> _Problem statement_:
The full listing is to be returned exactly as given, but without pictures.

> _Extracted information_:
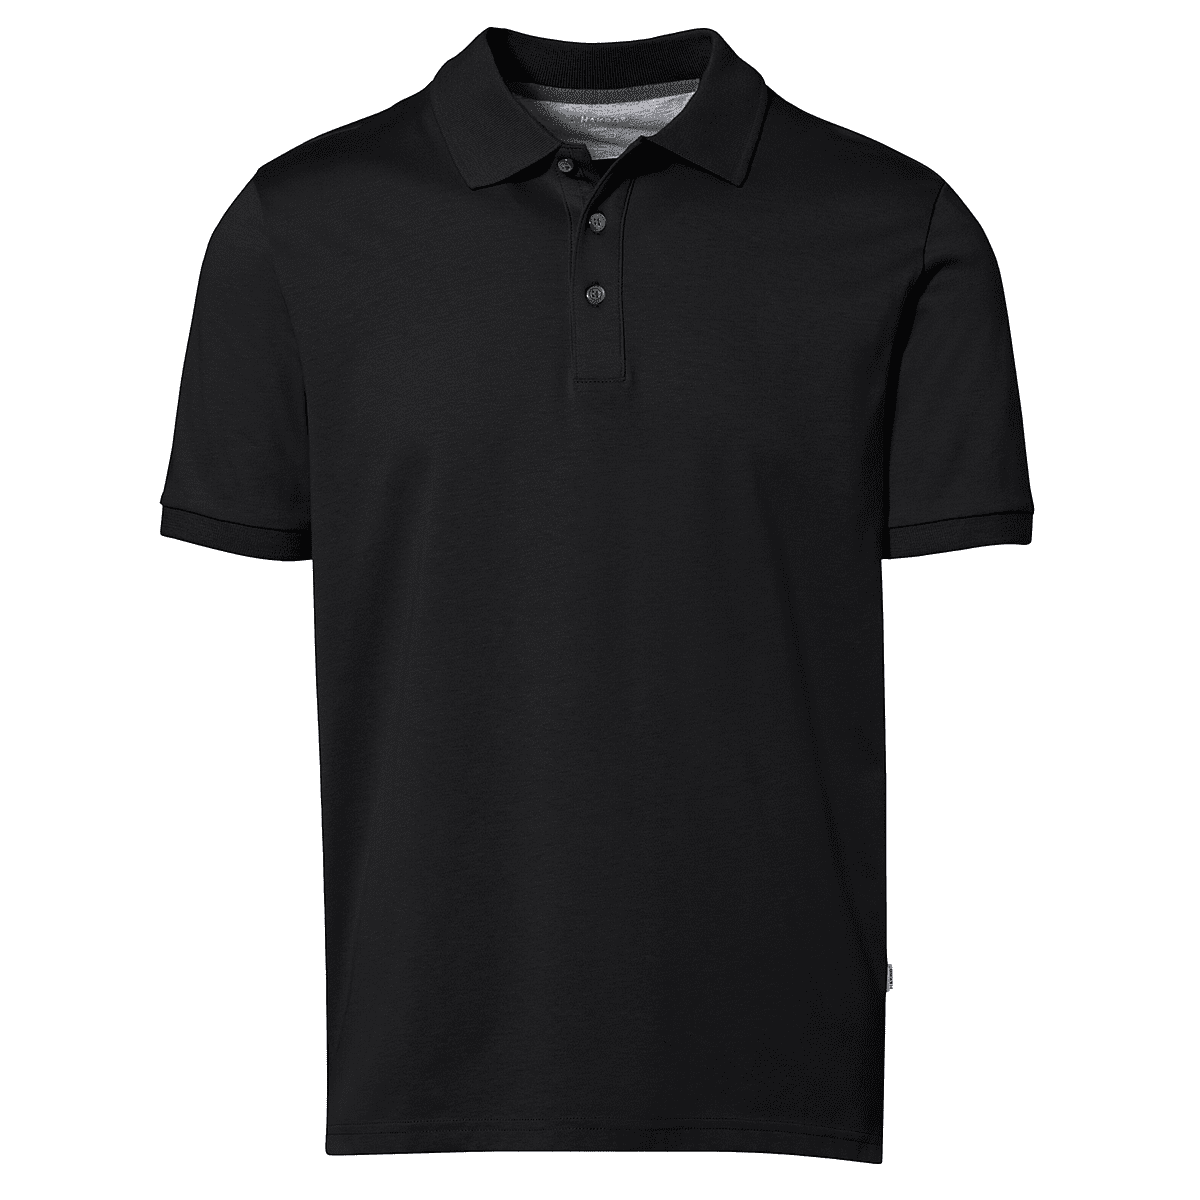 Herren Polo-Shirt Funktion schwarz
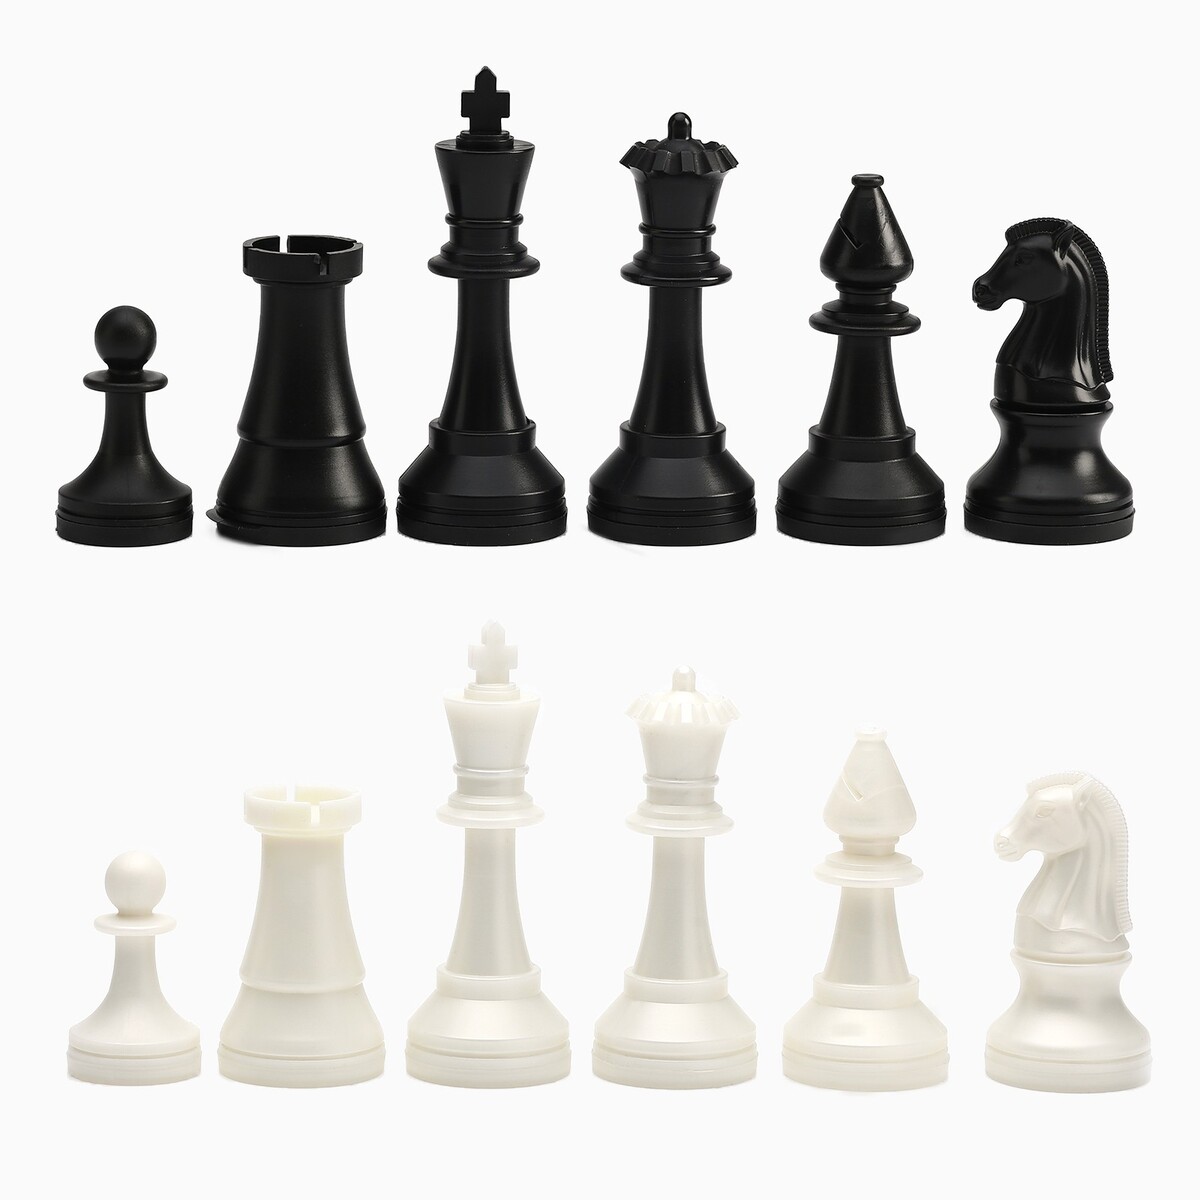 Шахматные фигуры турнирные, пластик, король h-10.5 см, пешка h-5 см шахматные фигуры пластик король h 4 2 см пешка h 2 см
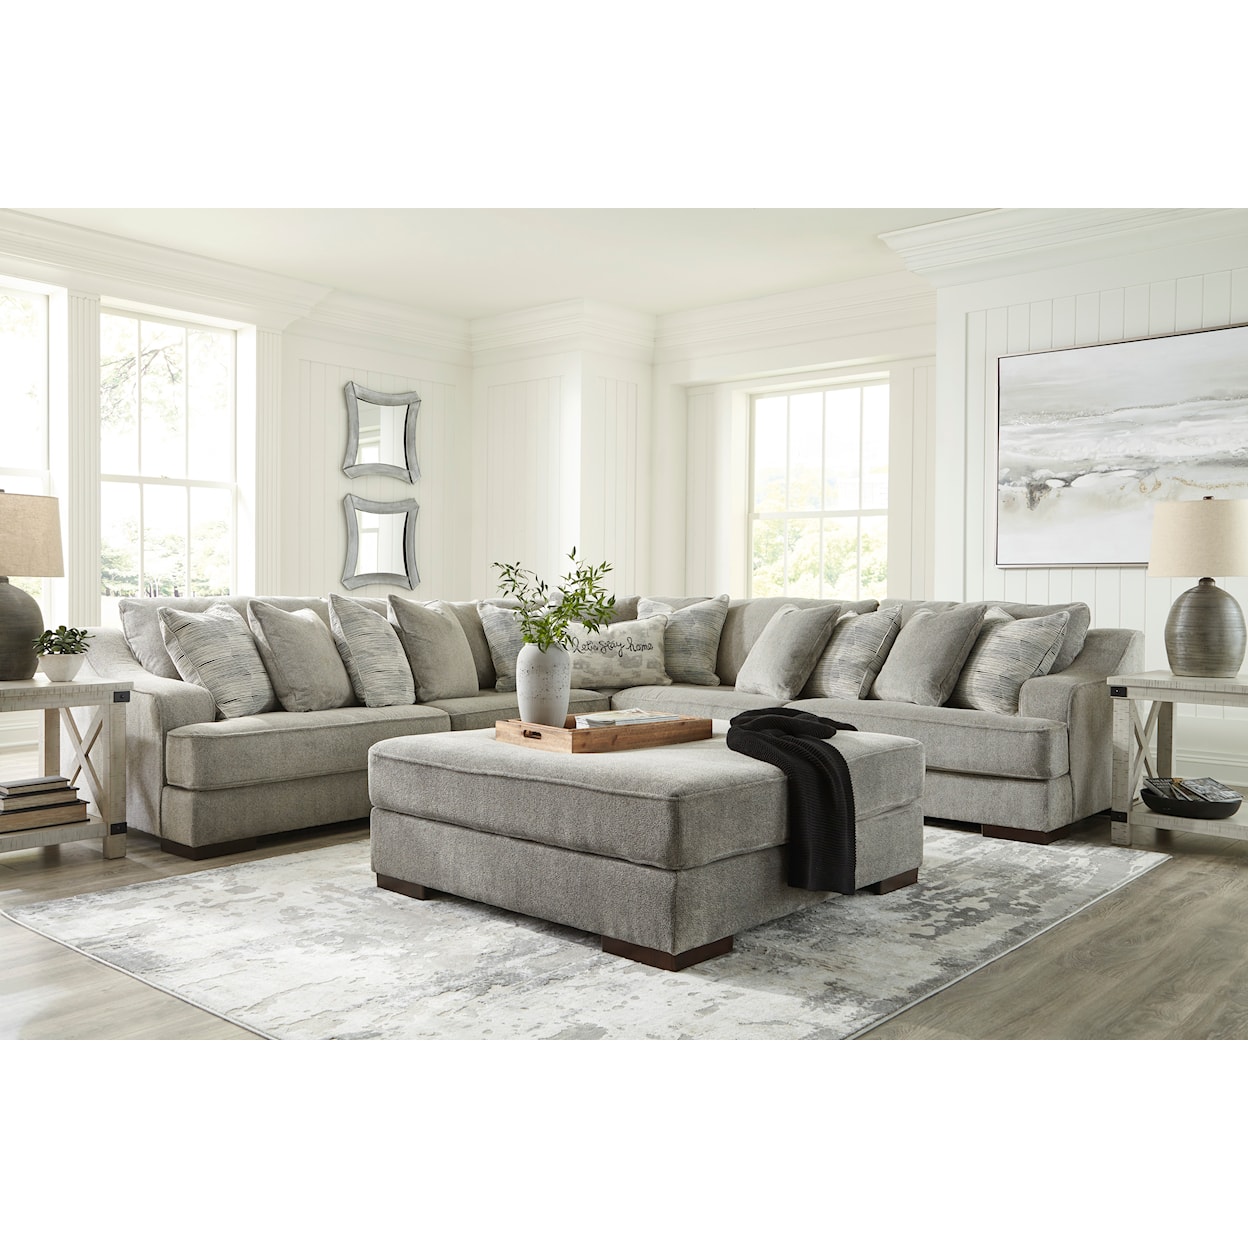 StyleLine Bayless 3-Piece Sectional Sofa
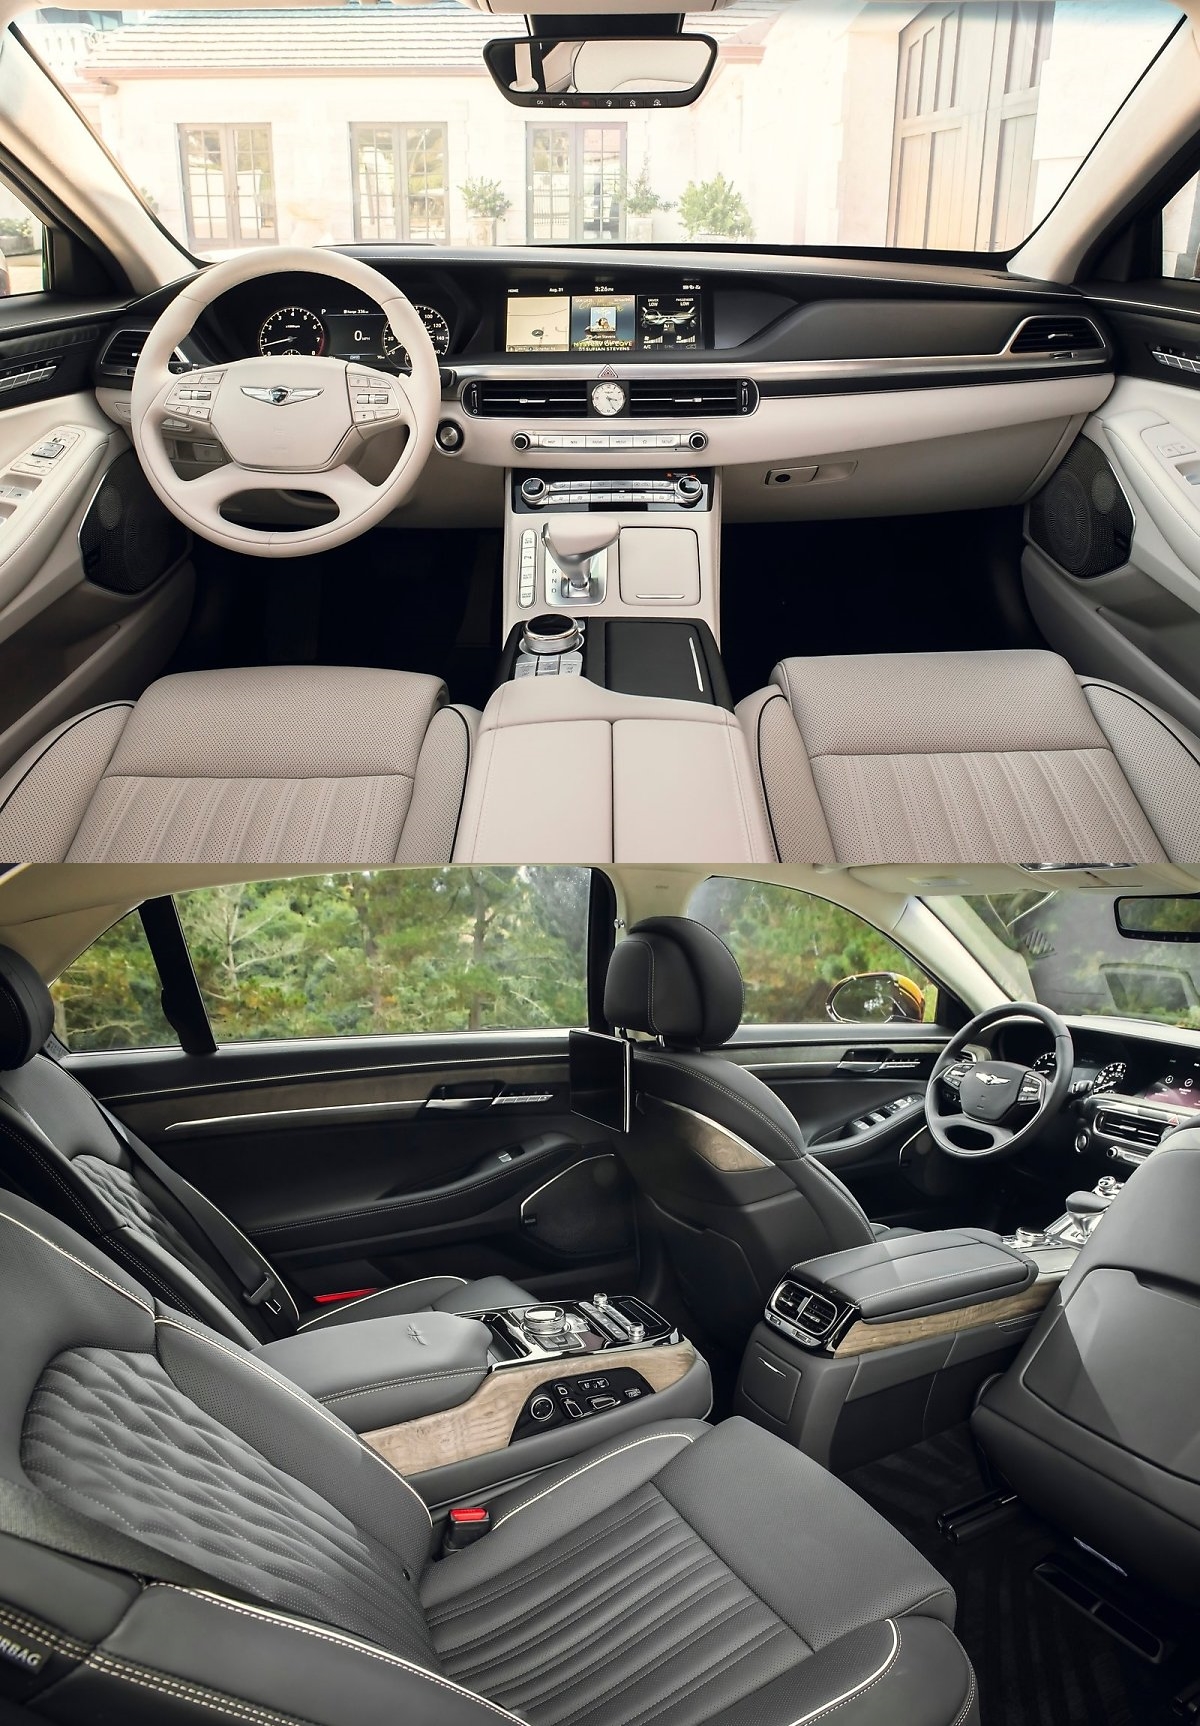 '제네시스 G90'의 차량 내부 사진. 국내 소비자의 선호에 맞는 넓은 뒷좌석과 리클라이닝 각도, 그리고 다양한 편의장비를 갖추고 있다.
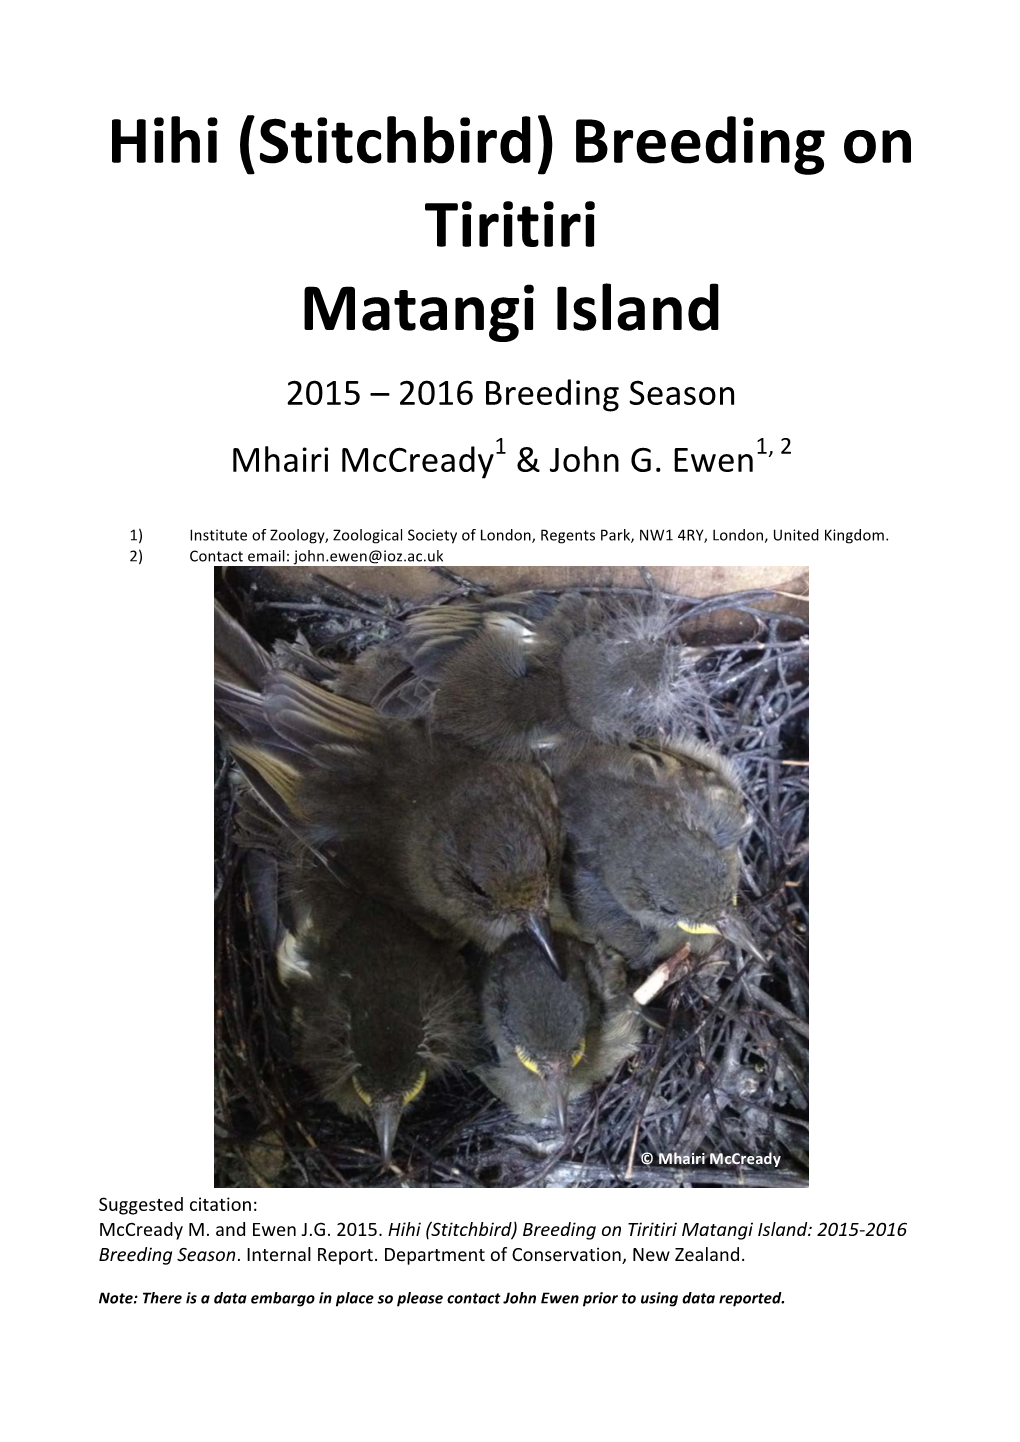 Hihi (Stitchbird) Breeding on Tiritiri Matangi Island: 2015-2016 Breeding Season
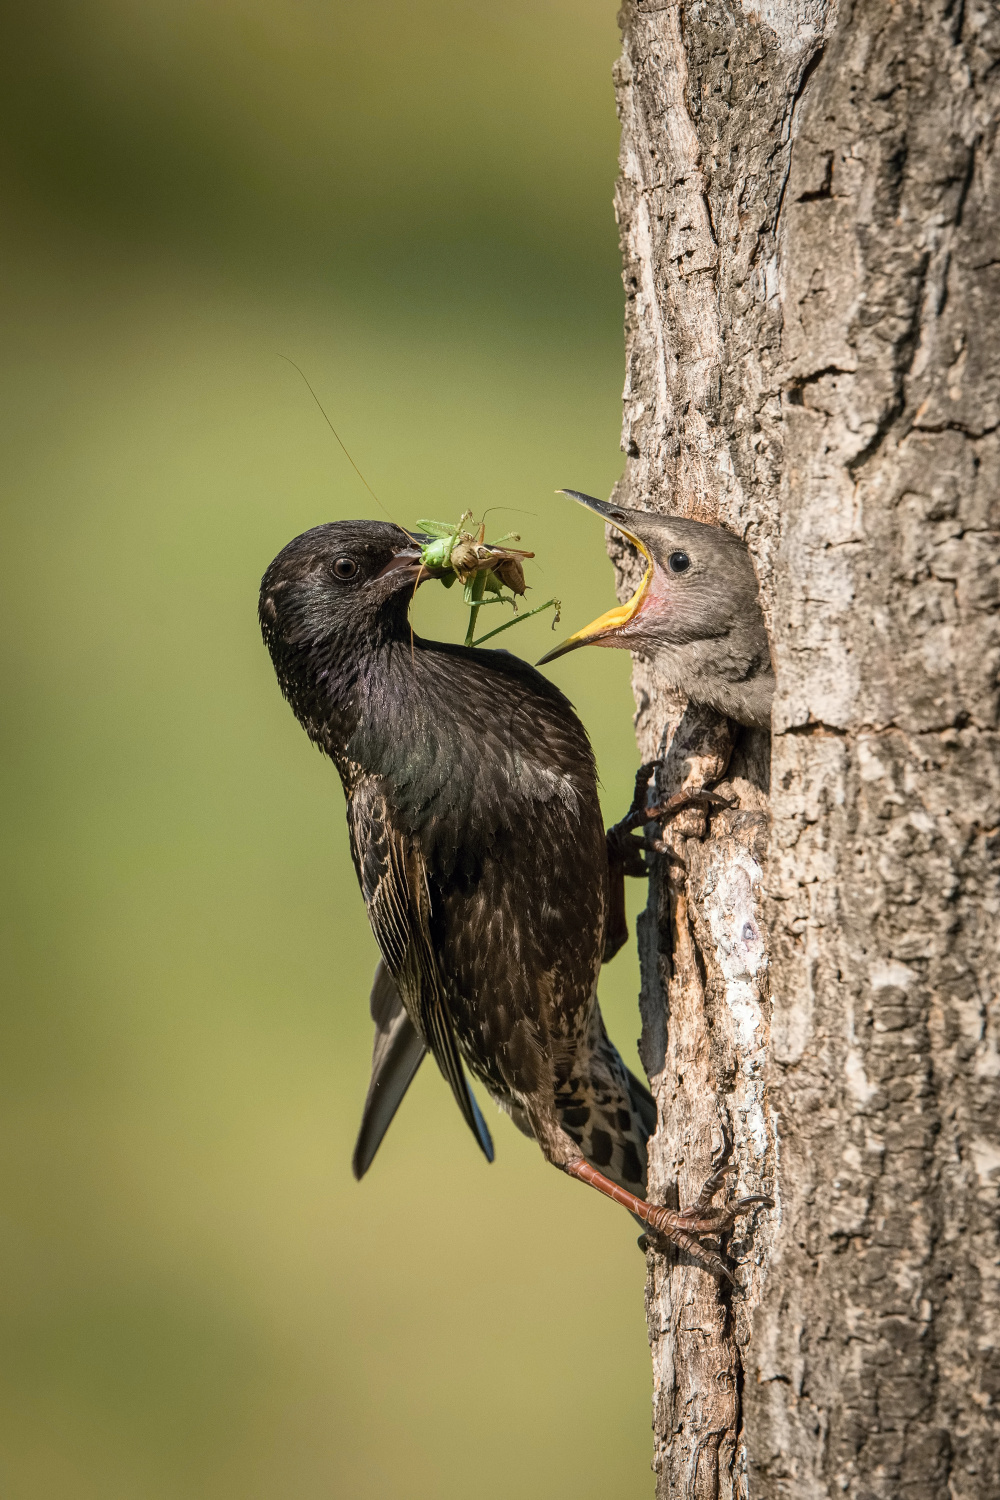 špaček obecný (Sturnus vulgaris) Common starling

> _Solution to this task_:
 Herren Polo-Shirt Funktion schwarz
 Шахматные фигуры турнирные, пластик, король h-10.5 см, пешка h-5 см шахматные фигуры пластик король h 4 2 см пешка h 2 см
 StyleLine Bayless 3-Piece Sectional Sofa
 '제네시스 G90'의 차량 내부 사진. 국내 소비자의 선호에 맞는 넓은 뒷좌석과 리클라이닝 각도, 그리고 다양한 편의장비를 갖추고 있다.
 Hihi (Stitchbird) Breeding on Tiritiri Matangi Island: 2015-2016 Breeding Season
 špaček obecný (Sturnus vulgaris) Common starling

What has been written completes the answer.